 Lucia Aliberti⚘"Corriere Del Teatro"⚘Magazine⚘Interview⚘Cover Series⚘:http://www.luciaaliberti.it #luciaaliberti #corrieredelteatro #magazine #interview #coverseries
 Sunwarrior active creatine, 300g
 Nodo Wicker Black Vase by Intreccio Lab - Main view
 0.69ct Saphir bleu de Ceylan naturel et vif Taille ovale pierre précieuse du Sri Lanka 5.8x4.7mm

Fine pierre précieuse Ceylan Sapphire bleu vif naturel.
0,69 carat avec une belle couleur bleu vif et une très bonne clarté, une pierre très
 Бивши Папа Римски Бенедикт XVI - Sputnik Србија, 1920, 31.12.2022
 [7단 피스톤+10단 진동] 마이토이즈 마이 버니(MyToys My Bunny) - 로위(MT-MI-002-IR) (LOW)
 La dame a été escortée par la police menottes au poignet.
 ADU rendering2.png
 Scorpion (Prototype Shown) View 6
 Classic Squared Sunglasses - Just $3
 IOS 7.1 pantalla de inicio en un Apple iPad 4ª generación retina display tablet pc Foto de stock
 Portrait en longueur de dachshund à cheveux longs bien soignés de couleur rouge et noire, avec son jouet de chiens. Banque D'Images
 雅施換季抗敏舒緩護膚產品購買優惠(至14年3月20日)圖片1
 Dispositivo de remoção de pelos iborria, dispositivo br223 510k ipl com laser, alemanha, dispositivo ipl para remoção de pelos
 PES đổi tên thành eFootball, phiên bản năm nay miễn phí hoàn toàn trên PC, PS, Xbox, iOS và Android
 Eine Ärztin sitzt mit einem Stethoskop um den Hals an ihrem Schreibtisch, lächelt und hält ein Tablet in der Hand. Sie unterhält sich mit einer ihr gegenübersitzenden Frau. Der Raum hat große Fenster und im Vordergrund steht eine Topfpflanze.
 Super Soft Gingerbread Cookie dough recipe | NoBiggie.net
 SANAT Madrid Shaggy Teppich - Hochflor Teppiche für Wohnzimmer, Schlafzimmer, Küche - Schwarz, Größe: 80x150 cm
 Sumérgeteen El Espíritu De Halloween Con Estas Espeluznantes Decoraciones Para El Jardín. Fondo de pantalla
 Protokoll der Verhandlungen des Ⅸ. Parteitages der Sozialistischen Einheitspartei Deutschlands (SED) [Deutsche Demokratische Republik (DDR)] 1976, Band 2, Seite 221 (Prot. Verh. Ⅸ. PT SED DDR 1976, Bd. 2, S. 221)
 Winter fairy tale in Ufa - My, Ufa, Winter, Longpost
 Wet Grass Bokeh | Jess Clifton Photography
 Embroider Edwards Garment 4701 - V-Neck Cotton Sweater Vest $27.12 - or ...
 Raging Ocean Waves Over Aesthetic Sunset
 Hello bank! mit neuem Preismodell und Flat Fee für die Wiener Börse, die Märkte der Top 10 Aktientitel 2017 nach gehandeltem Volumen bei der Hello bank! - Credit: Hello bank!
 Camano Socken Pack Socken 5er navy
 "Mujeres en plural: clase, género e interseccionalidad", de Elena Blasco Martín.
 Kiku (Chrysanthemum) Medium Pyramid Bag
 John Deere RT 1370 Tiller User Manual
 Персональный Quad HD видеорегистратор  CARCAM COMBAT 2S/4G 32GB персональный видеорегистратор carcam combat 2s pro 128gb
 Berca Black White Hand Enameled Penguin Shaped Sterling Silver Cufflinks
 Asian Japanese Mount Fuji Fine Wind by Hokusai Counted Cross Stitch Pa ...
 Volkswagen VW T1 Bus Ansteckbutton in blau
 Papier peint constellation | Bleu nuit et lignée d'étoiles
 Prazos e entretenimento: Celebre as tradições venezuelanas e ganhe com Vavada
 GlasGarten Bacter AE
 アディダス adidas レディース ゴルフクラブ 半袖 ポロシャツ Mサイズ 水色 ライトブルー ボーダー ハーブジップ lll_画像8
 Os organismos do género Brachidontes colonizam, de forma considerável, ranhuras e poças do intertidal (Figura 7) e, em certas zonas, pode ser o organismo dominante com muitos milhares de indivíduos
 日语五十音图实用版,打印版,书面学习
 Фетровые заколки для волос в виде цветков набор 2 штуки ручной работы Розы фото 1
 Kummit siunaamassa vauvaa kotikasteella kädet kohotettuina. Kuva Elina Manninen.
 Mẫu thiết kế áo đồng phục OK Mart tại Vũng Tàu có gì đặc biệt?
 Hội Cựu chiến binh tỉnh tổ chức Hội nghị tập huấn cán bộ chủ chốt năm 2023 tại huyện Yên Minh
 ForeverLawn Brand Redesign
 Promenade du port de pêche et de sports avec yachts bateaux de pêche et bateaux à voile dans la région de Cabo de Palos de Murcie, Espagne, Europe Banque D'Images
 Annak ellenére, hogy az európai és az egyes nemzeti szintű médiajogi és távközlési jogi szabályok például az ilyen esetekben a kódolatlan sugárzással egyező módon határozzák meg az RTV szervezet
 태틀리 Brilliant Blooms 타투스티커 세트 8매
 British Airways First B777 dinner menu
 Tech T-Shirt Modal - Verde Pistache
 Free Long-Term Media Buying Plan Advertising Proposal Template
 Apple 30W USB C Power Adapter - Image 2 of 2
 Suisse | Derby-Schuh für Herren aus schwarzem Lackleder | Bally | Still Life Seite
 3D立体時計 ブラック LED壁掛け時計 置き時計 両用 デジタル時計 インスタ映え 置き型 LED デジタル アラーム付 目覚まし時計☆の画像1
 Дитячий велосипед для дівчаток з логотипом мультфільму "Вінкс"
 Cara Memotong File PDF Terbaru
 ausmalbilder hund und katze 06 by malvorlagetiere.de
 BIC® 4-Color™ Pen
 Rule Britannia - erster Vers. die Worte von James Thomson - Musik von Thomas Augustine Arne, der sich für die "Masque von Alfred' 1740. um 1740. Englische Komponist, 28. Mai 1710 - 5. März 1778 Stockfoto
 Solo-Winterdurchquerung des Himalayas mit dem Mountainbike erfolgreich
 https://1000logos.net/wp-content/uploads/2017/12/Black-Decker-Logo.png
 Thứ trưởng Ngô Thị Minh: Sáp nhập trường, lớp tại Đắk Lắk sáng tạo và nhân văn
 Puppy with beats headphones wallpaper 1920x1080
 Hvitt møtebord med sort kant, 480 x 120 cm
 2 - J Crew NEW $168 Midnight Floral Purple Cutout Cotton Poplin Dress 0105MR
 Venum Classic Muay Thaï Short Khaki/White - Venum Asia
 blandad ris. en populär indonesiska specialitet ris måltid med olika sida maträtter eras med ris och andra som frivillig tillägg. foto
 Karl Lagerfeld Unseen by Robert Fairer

● **Problem to work on**: Output should match, line for line, the stretch of the material above from the line holding "Classic Squared Sunglasses - Just $3" through the line holding "Embroider Edwards Garment".

● **Written response**:
 Classic Squared Sunglasses - Just $3
 IOS 7.1 pantalla de inicio en un Apple iPad 4ª generación retina display tablet pc Foto de stock
 Portrait en longueur de dachshund à cheveux longs bien soignés de couleur rouge et noire, avec son jouet de chiens. Banque D'Images
 雅施換季抗敏舒緩護膚產品購買優惠(至14年3月20日)圖片1
 Dispositivo de remoção de pelos iborria, dispositivo br223 510k ipl com laser, alemanha, dispositivo ipl para remoção de pelos
 PES đổi tên thành eFootball, phiên bản năm nay miễn phí hoàn toàn trên PC, PS, Xbox, iOS và Android
 Eine Ärztin sitzt mit einem Stethoskop um den Hals an ihrem Schreibtisch, lächelt und hält ein Tablet in der Hand. Sie unterhält sich mit einer ihr gegenübersitzenden Frau. Der Raum hat große Fenster und im Vordergrund steht eine Topfpflanze.
 Super Soft Gingerbread Cookie dough recipe | NoBiggie.net
 SANAT Madrid Shaggy Teppich - Hochflor Teppiche für Wohnzimmer, Schlafzimmer, Küche - Schwarz, Größe: 80x150 cm
 Sumérgeteen El Espíritu De Halloween Con Estas Espeluznantes Decoraciones Para El Jardín. Fondo de pantalla
 Protokoll der Verhandlungen des Ⅸ. Parteitages der Sozialistischen Einheitspartei Deutschlands (SED) [Deutsche Demokratische Republik (DDR)] 1976, Band 2, Seite 221 (Prot. Verh. Ⅸ. PT SED DDR 1976, Bd. 2, S. 221)
 Winter fairy tale in Ufa - My, Ufa, Winter, Longpost
 Wet Grass Bokeh | Jess Clifton Photography
 Embroider Edwards Garment 4701 - V-Neck Cotton Sweater Vest $27.12 - or ...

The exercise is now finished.